Komatsu aposta em mineração subterrânea, segmento que deve crescer 7% em cinco anos no Brasil
A Komatsu, empresa de maquinário pesado de origem japonesa, projeta ampliar a atuação no País para atender a mineração subterrânea. A companhia espera crescer em linha com o segmento, cuja projeção é de avanço de 7% nos próximos cinco anos. Até 2040, esse tipo de mineração poderá representar 43% da produção mineral global.
As informações foram detalhadas ao Diário do Comércio pelo gerente comercial da linha de underground da Komatsu no Brasil, Alessandro Antunes. Ele destaca que a empresa vem numa estratégia de buscas no mercado para ampliar o portfólio de produtos destinados a esse tipo de mineração.
A companhia já se consolidava no portfólio de soft rocks (rochas macia) e adquiriu, no último ano, a alemã GHH para incrementar soluções em hard rocks (rocha dura). A incorporação permitiu à Komatsu ampliar sua oferta tecnológica e avançar na construção de uma linha mais abrangente de soluções voltadas ao ambiente subterrâneo.
Entre os equipamentos que passam a integrar essa estratégia estão o caminhão rebaixado HX45, para transporte de material em galerias e frentes de lavra, e a carregadeira de subsolo WX15, com capacidade de 15 toneladas. Para segurança das operações, a linha inclui os Bolters ZB21 e ZB31, usados na contenção de maciço, os Scalers da Dux Machinery (modelo DS30RB), para desplacamento de rochas instáveis após detonações, e os jumbos de perfuração ZJ21 e ZJ32.
“Hoje temos condições de entregar solução completa em mineração subterrânea para os clientes, desde tecnologia como equipamentos para transporte, carregamento e perfuração”, afirma Antunes.
A comunicação com clientes no Brasil é feita a partir da matriz em Belo Horizonte. A empresa atende líderes do País em extração de minério em subsolo, como ouro, níquel, cobre e potássio.
Para Antunes, o mercado mineiro é referência nacional tanto em mineração de superfície quanto de subsolo. “Nossos clientes estão com projetos de expansão que, ao longo dos próximos cinco anos, vão demandar mais equipamentos de subsolo, que conseguimos entregar, além da geração de empregos. Temos uma expectativa de crescimento no segmento de 7% em cinco anos”, avalia.
Além de Minas Gerais, a empresa mantém presença relevante no Nordeste, especialmente na Bahia, e no Norte, com protagonismo do Pará.

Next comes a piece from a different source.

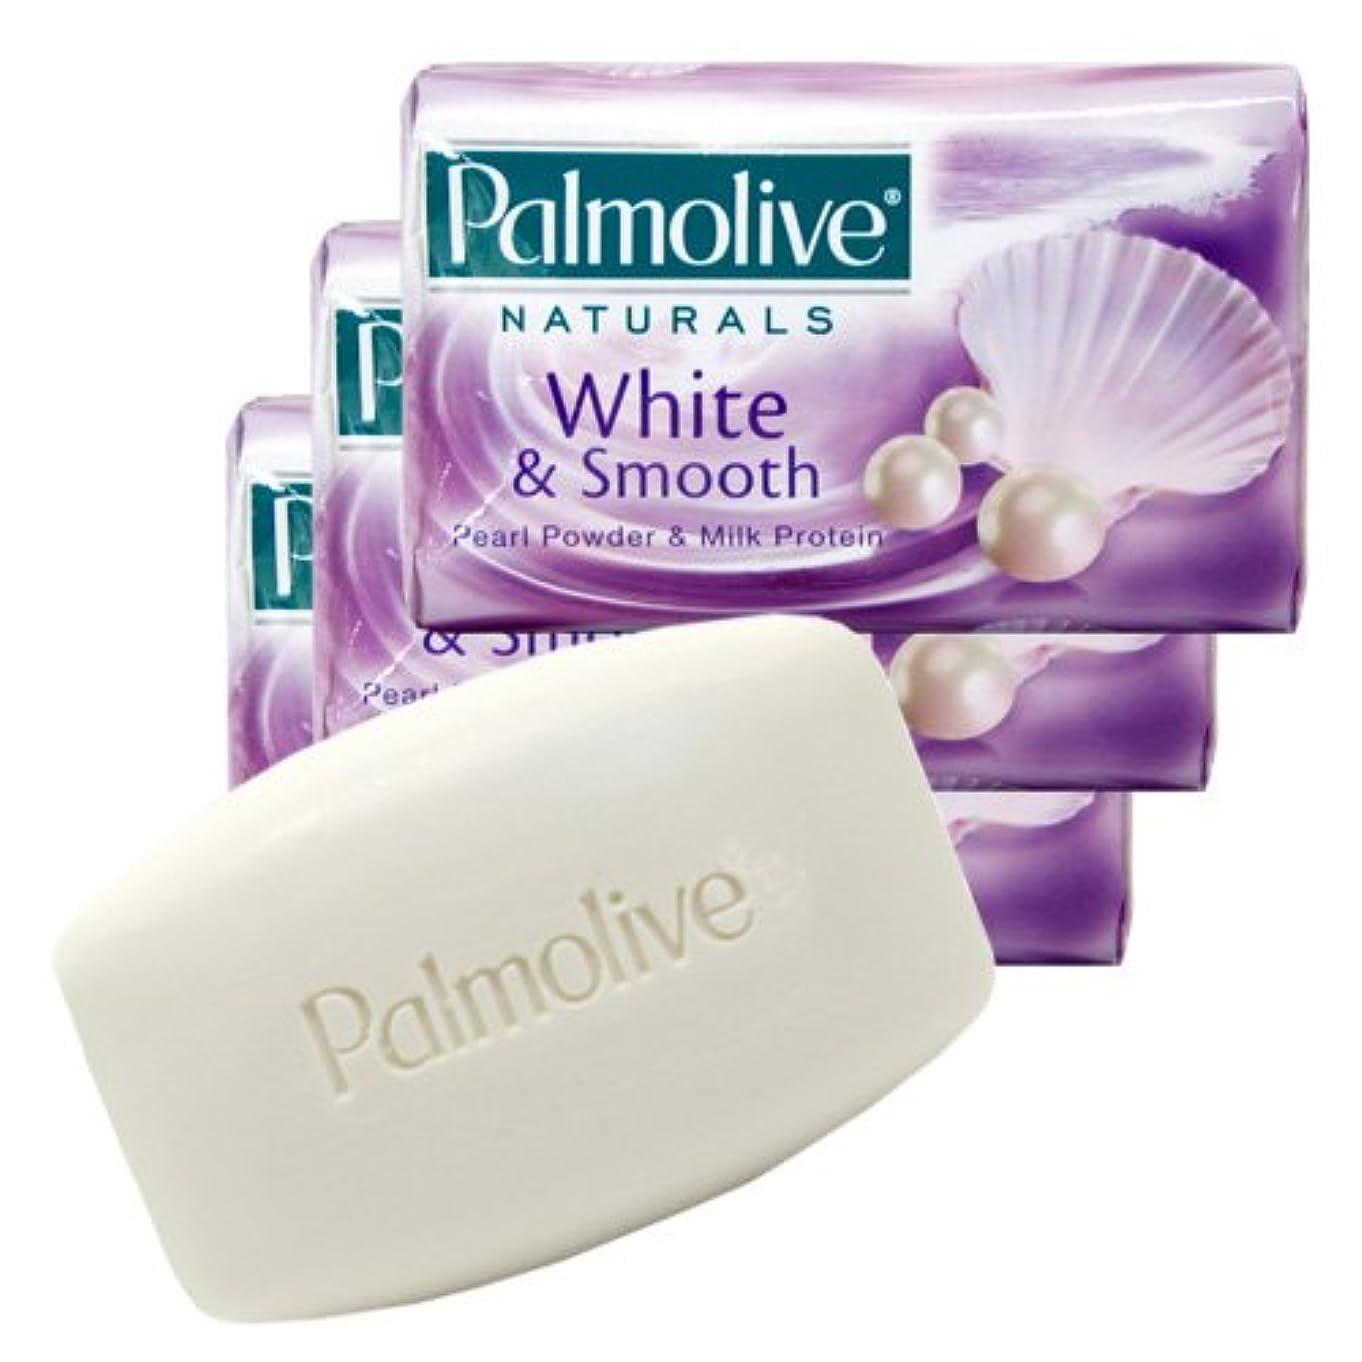 断言する宝石に応じて【Palmolive】パルモリーブ ナチュラルズ石鹸3個パック ホワイト&スムース(パールパウダー&ミルクプロテイン)80g×3

A maior parte da mineração subterrânea atendida pela Komatsu é voltada a rochas macias, como potássio, sal e carvão, usados principalmente na geração de energia, segmento em que Estados Unidos, Canadá e Rússia lideram o mercado global.
Mineração subterrânea ganha espaço no mercado global
A mineração subterrânea vem ganhando visibilidade pela importância crescente em nível global. O Brasil, segundo Antunes, chega depois da Europa em volume, mas fora do País a tendência já é considerada ultra consolidada.
Atualmente, grandes empresas do setor mineral começam a mapear terrenos para migrar operações de superfície para projetos em subsolo. Além do portfólio de equipamentos, as empresas também direcionam esforços para a capacitação de equipes nas áreas comercial, de assistência técnica e de pós-venda.
Tecnologia e segurança também são pontos-chave nesse mercado, que exige máquinas robustas e com poucas falhas. Para os próximos anos, a expectativa é avançar em produtos que incluam sistemas de telemetria, localização e operação remota com foco em retirar operadores de áreas de risco, permitindo controlar as máquinas à distância, o que aumenta a segurança, os turnos de trabalho e a produtividade.
“Em 2017, 63% da mineração global era de superfície e 37% subterrânea. Até 2040, a expectativa é que esse mercado recue de 63% para 57% em superfície e cresça para 43% em subsolo”, finaliza Antunes.